The legislation would also create a five-person oversight panel, chosen by congressional leaders, that would monitor whether companies that received bailout money were living up to the obligations detailed in the bill to retain workers and limit executive pay. Mr. Mnuchin would be required to make regular appearances before Congress to discuss the bailout package and how it was being carried out.
Those guardrails are similar to what lawmakers put in place for the Troubled Asset Relief Program, the $700 billion bank bailout that Congress passed during the 2008 financial crisis. That bill created a special inspector general for the Troubled Asset Relief Program, or SIGTARP, as well as a congressional oversight panel that was led by Elizabeth Warren, now a Democratic senator from Massachusetts.
The quick injection of federal money into the economy, combined with a fast-moving public health crisis, means that opportunities for fraud will be rampant. An effective oversight mechanism will be crucial to ensuring that the vast injection of government money goes toward relieving the brunt of the economic fallout from the coronavirus pandemic.
“To me, one of the biggest disasters you can have with this is if either in reality or perception there are a handful of policymakers with no guidance and no guardrails picking winners and losers based on a criteria that is only known to themselves,” said Neil M. Barofsky, who was the first special inspector general of the $700 billion TARP bailout for banks.
Of the $2 trillion stimulus package, the pot of money that has received the most scrutiny is Treasury’s Exchange Stabilization Fund, which is traditionally used for managing currency markets.
The original Senate legislation set out $500 billion in funding to be used in support of companies and local governments, with $75 billion earmarked for airlines and national security companies at the Treasury secretary’s discretion. The remaining $425 billion was meant to be used to support Federal Reserve programs.
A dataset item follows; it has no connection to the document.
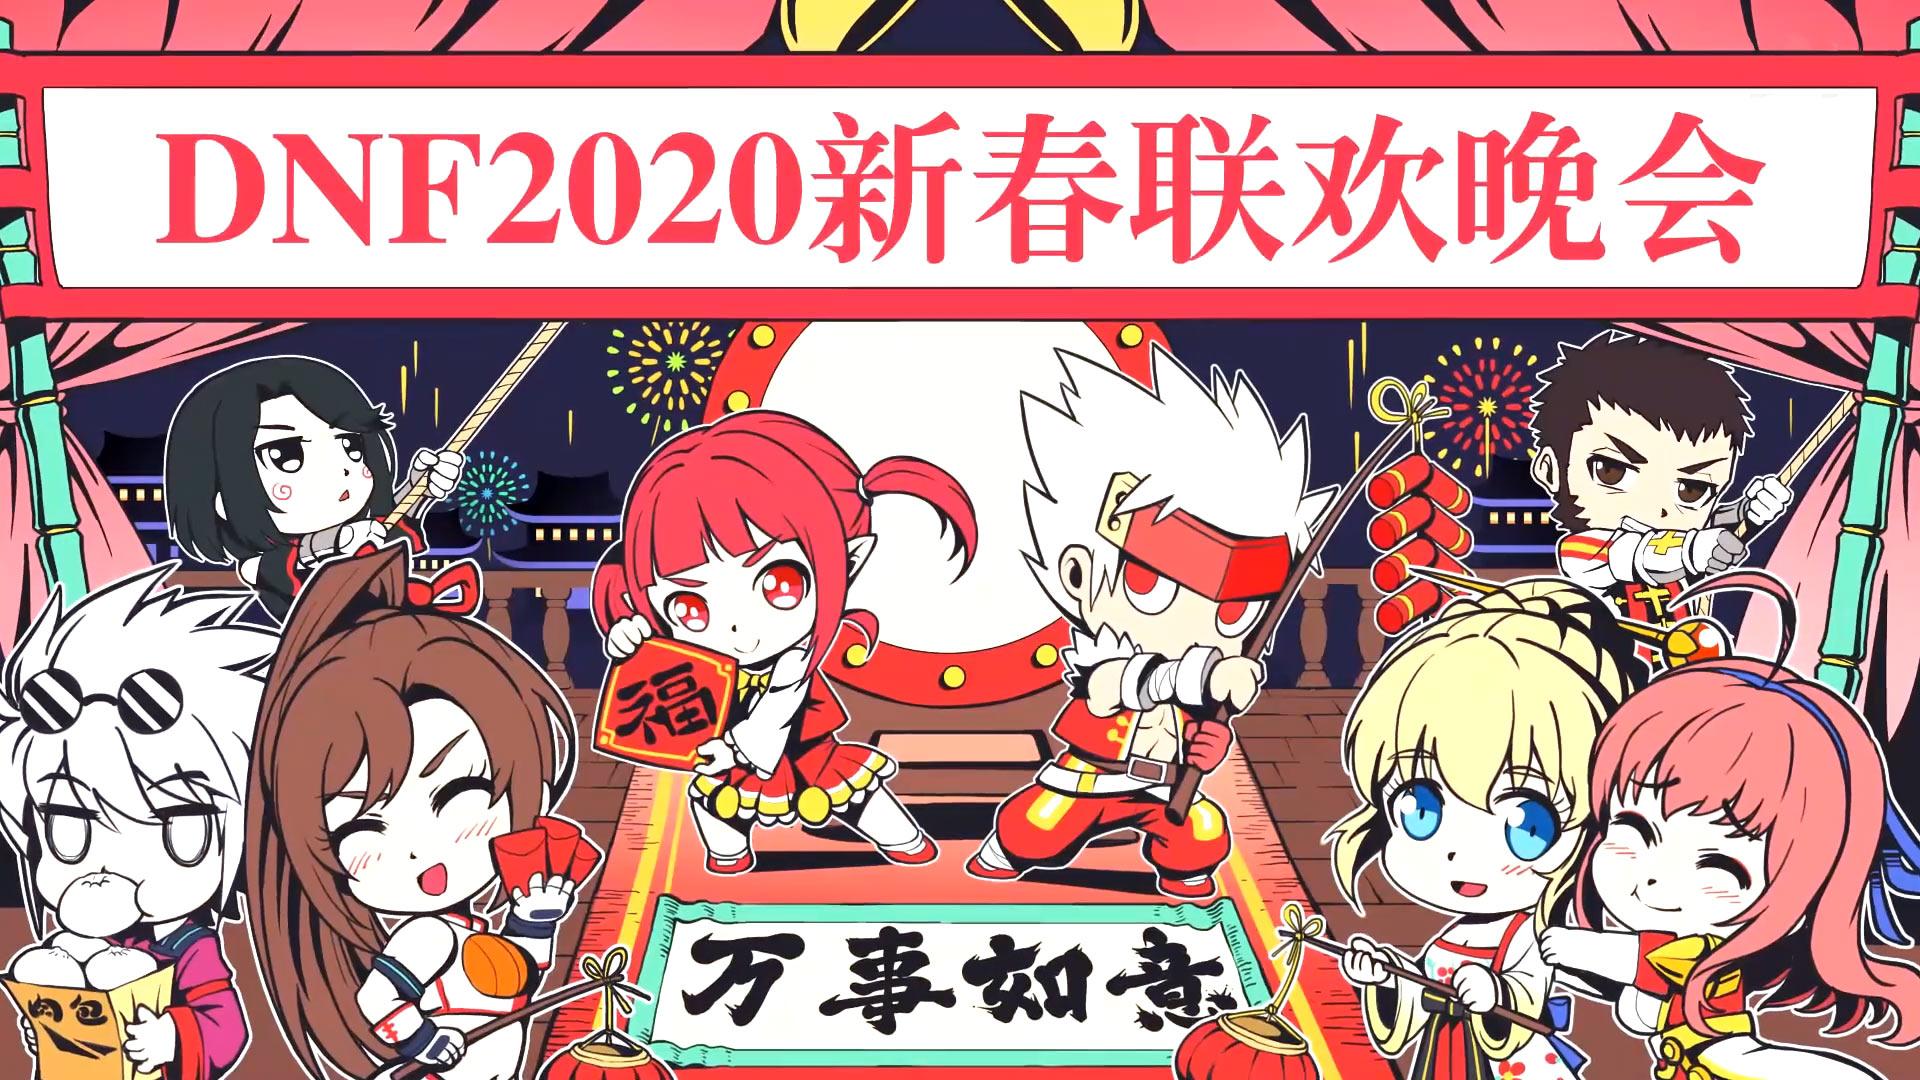 迈向新征程《DNF》2020新春晚会风靡网络

An ambiguity in the bill’s text could have allowed Mr. Mnuchin to use that money with considerable discretion, said Peter Conti-Brown, a lawyer and Fed historian at The Wharton School at the University of Pennsylvania. He added that the ambiguity seemed like sloppy drafting rather than the intent.
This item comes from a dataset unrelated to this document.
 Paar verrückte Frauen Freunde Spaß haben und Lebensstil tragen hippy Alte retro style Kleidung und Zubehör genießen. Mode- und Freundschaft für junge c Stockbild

The Republican bill alternately said the funds should be used “in support of” or “as part of” Fed programs; the latter would be much more limiting from the Treasury’s standpoint.
The compromise bill updated that language, so now the funds are specifically dedicated “to” Fed liquidity programs or facilities. “They’re trying to do this as a Fed-Treasury partnership,” Mr. Conti-Brown said, though he added that the new language went “sprinting in the other direction” of the earlier loophole and now left the Fed in charge.
Assuming that $425 billion is used purely to back Fed emergency lending programs, Mr. Mnuchin would have some — but not absolute — say over how the money is used.
The Treasury secretary legally must sign off on the Fed’s emergency lending programs. And in practice, the department has been financially backing the programs, agreeing to take the first round of losses if the interventions sour. As a result, Mr. Mnuchin will probably consult on program design, but the Fed does most of the legwork in setting up emergency lending facilities and administering them, according to lawyers who study the programs.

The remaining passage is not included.